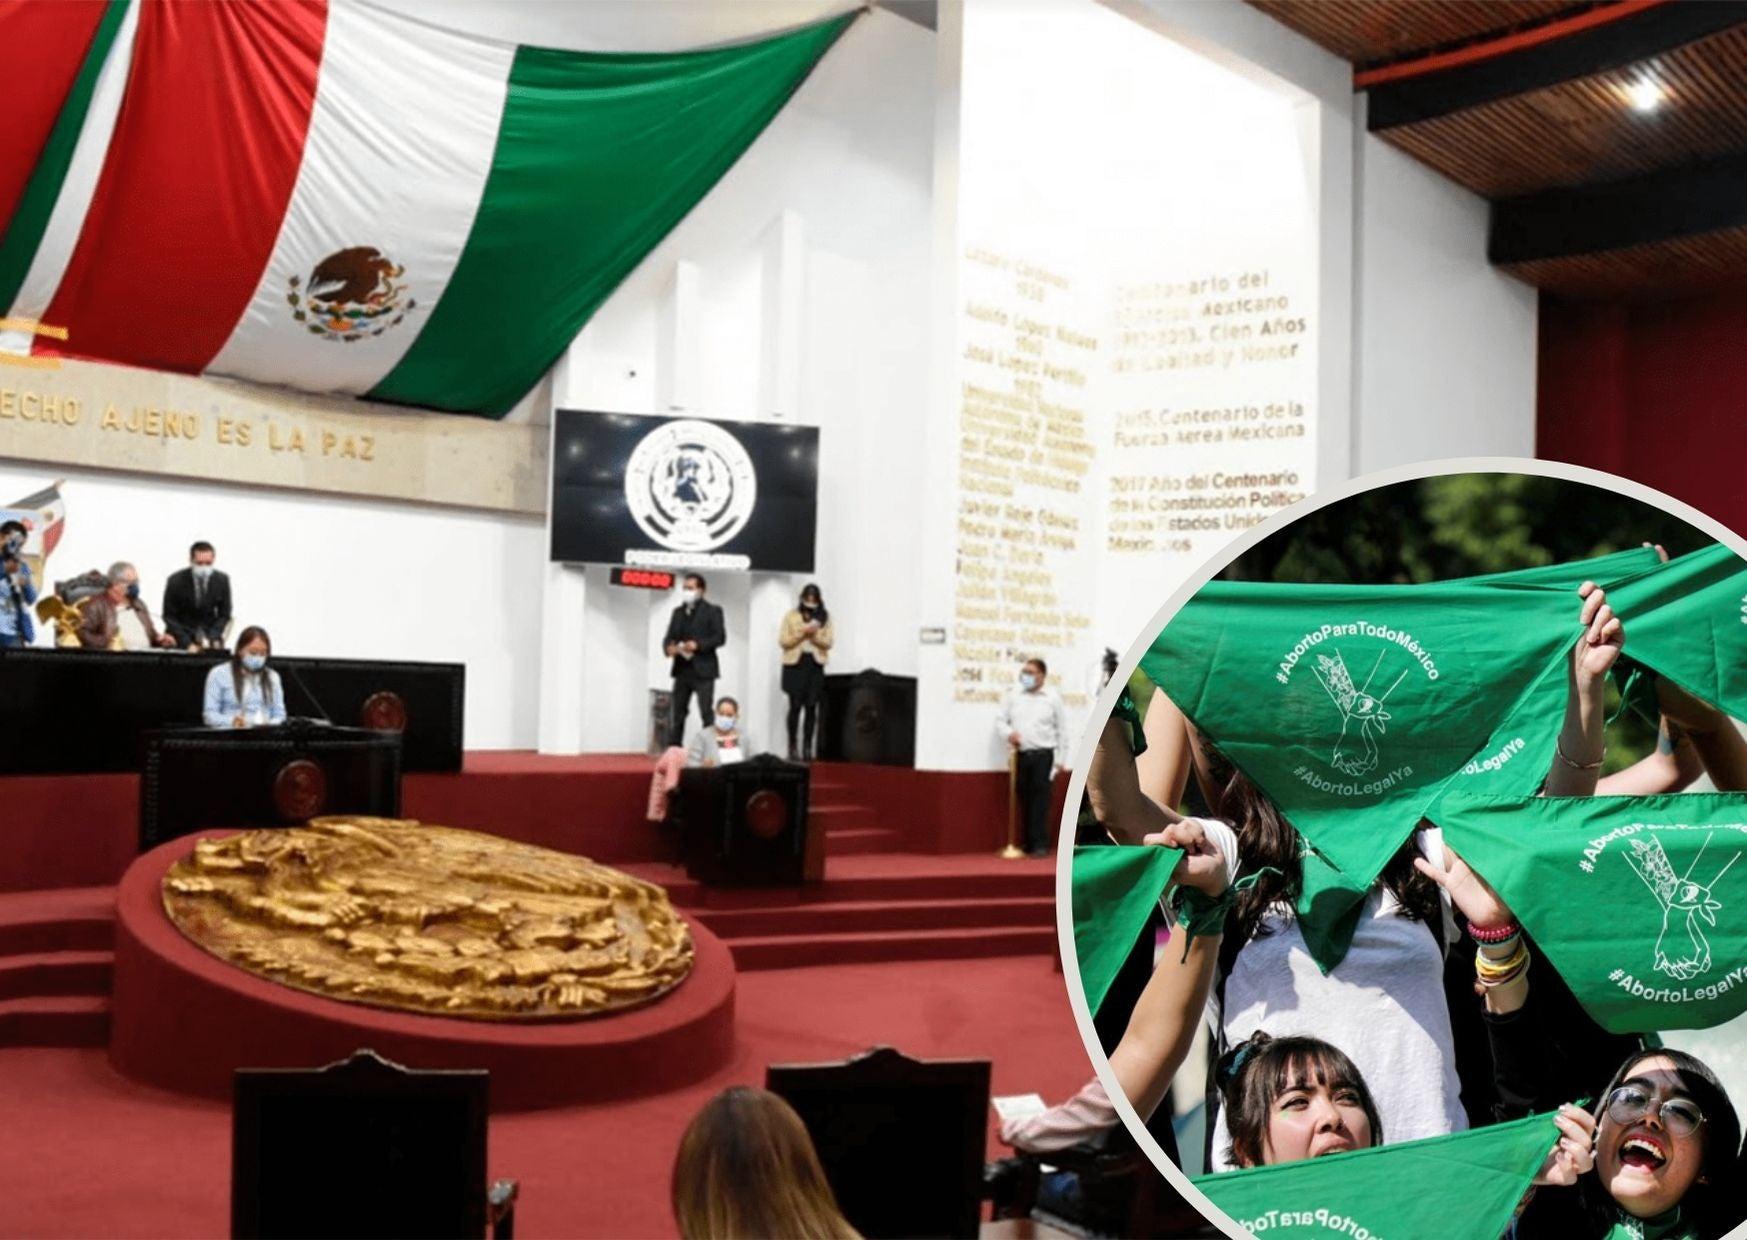 Hidalgo legalización del aborto
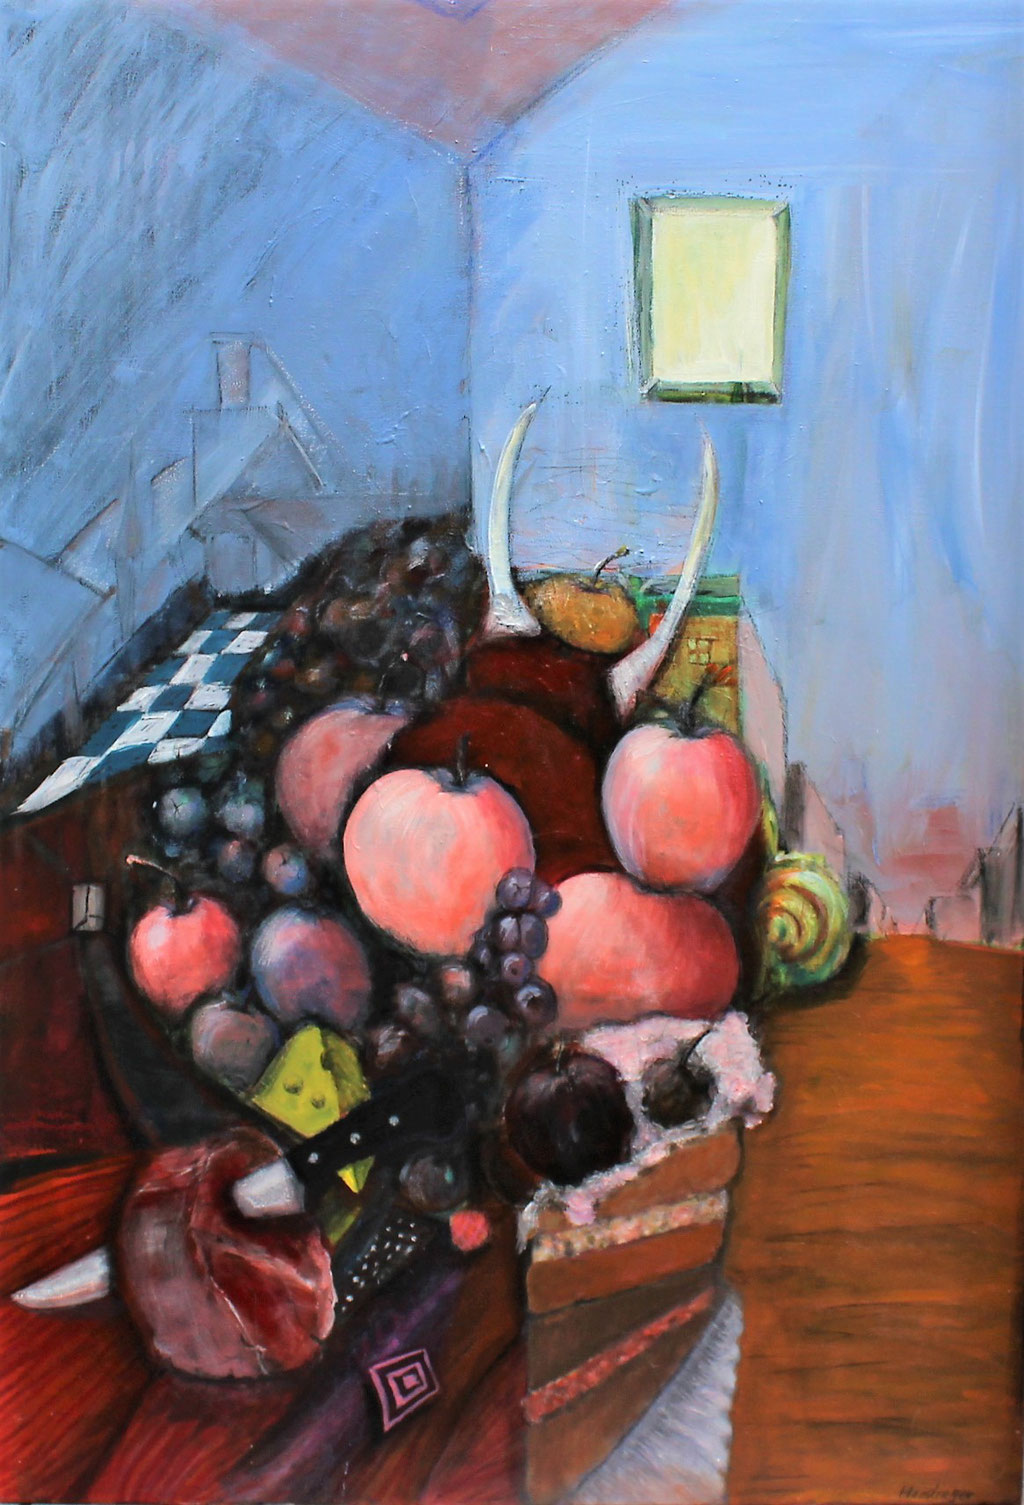 weitblick-jause - 70 x 100 cm, Acryl auf Leinwand
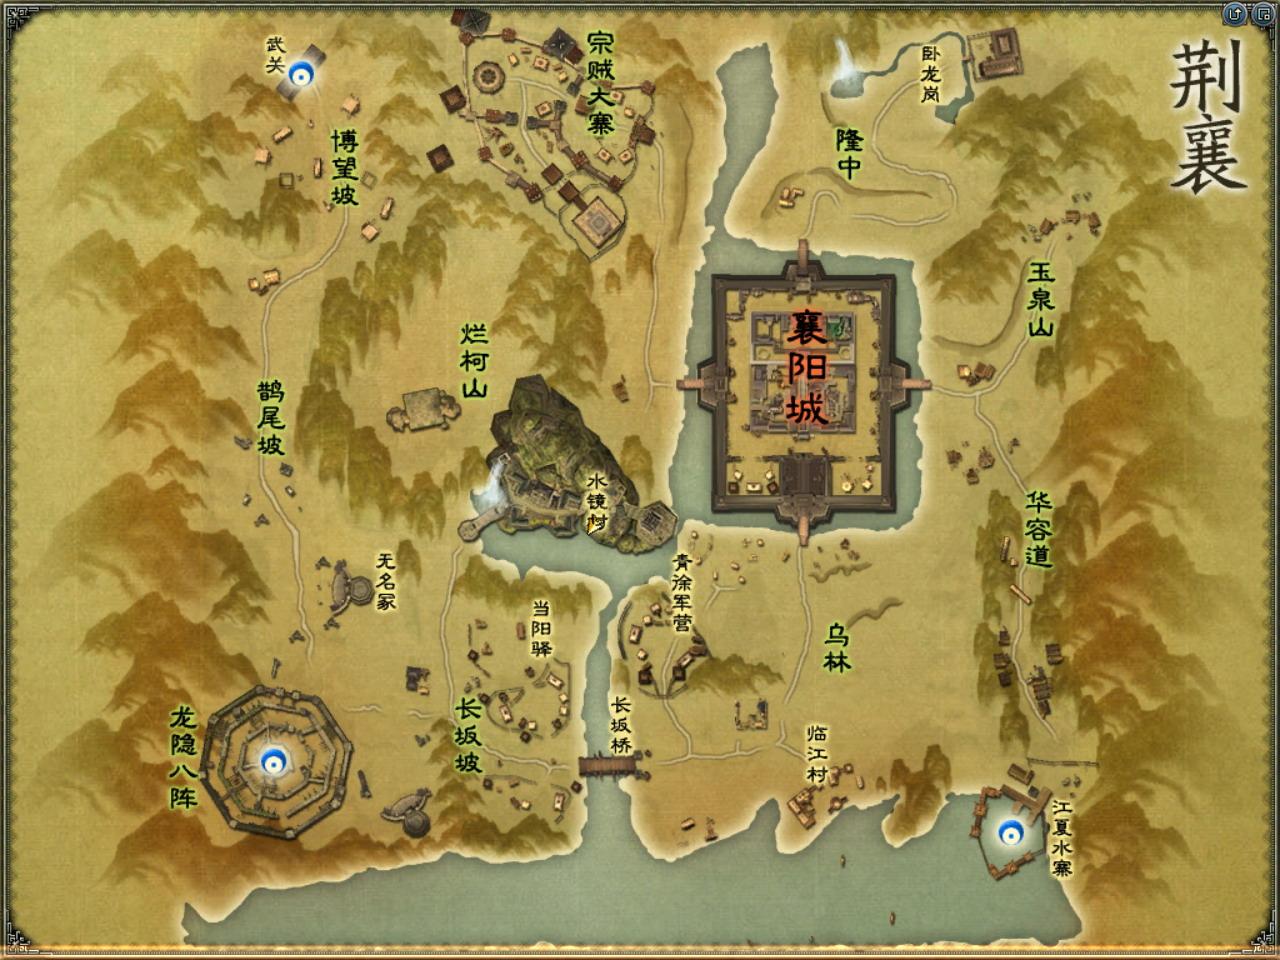 高清游戏地图素材
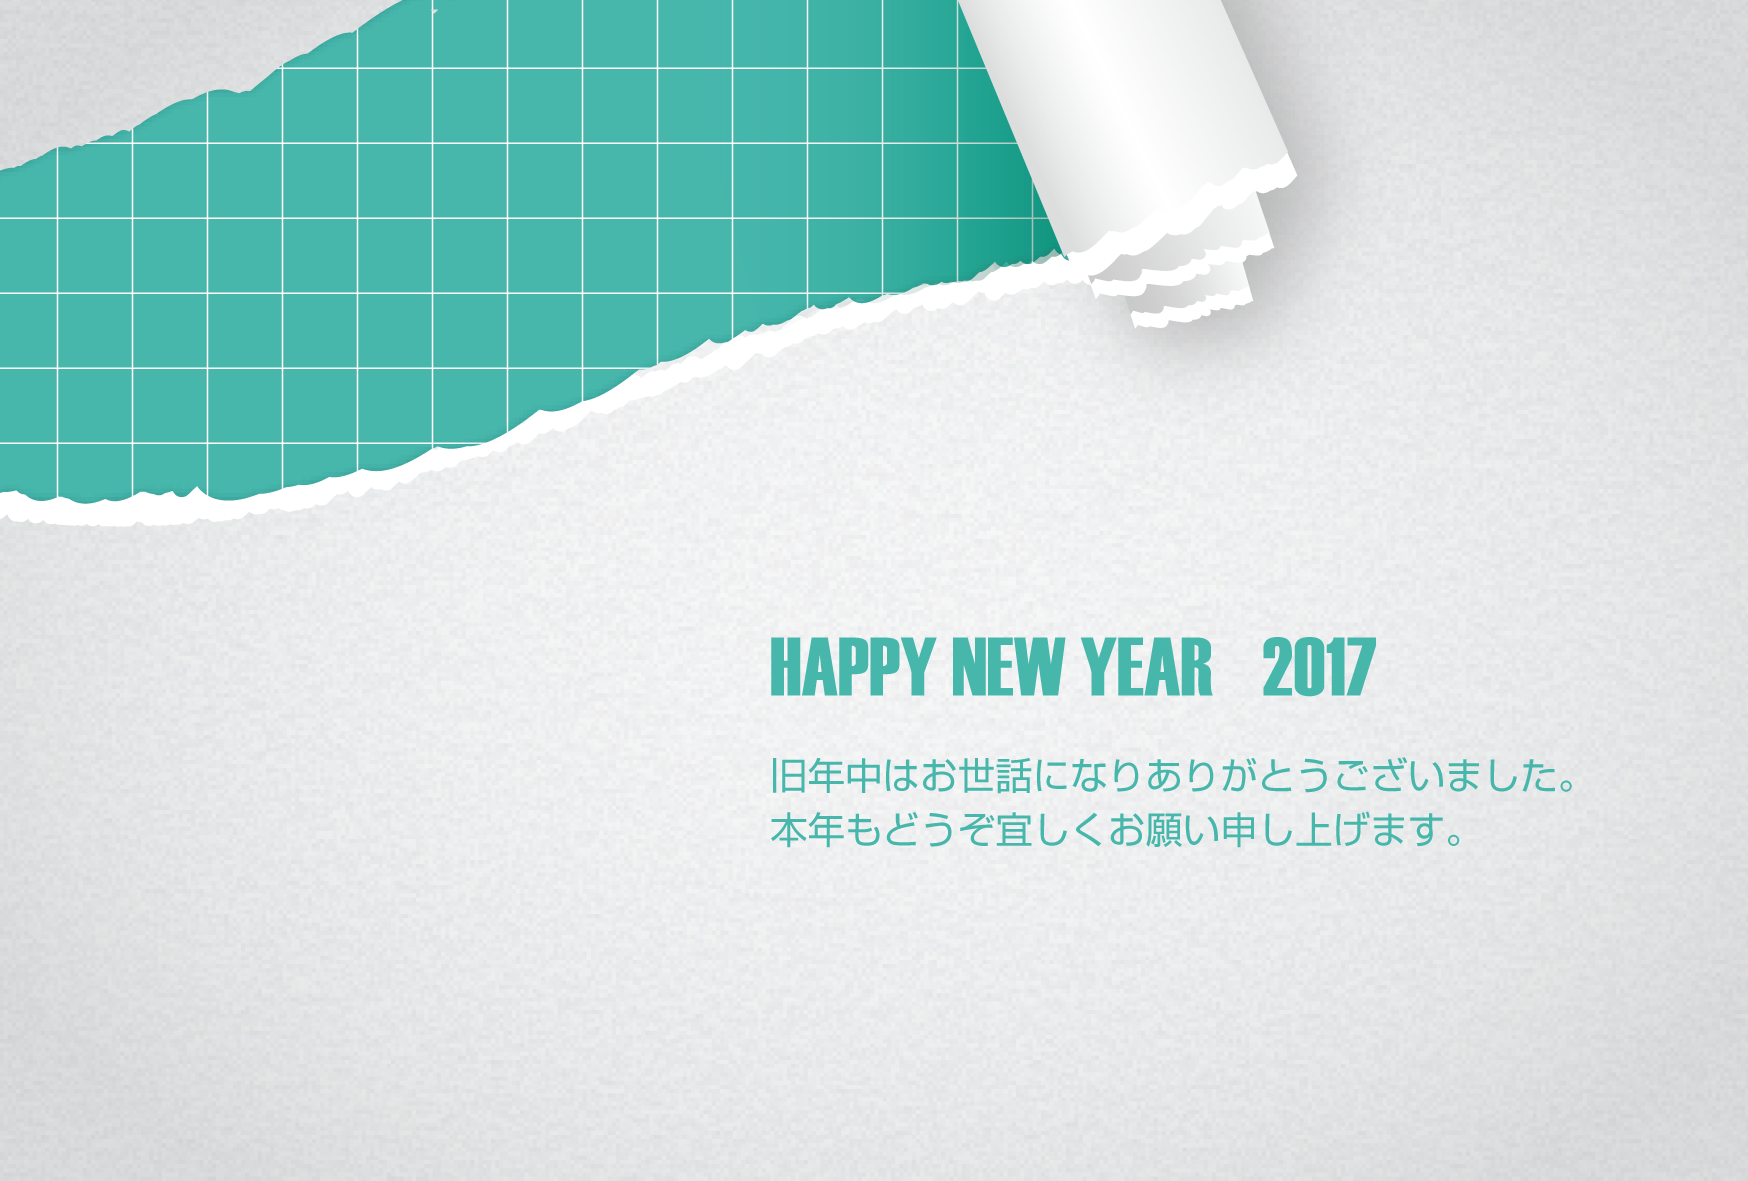 無料 デザイン年賀状 シンプル

§ YOUR ASSIGNMENT: What is needed is the listing above, repeated verbatim, without its images.

§ RESULT BELOW:
 Hidalgo legalización del aborto
 weitblick-jause - 70 x 100 cm, Acryl auf Leinwand
 高清游戏地图素材
 無料 デザイン年賀状 シンプル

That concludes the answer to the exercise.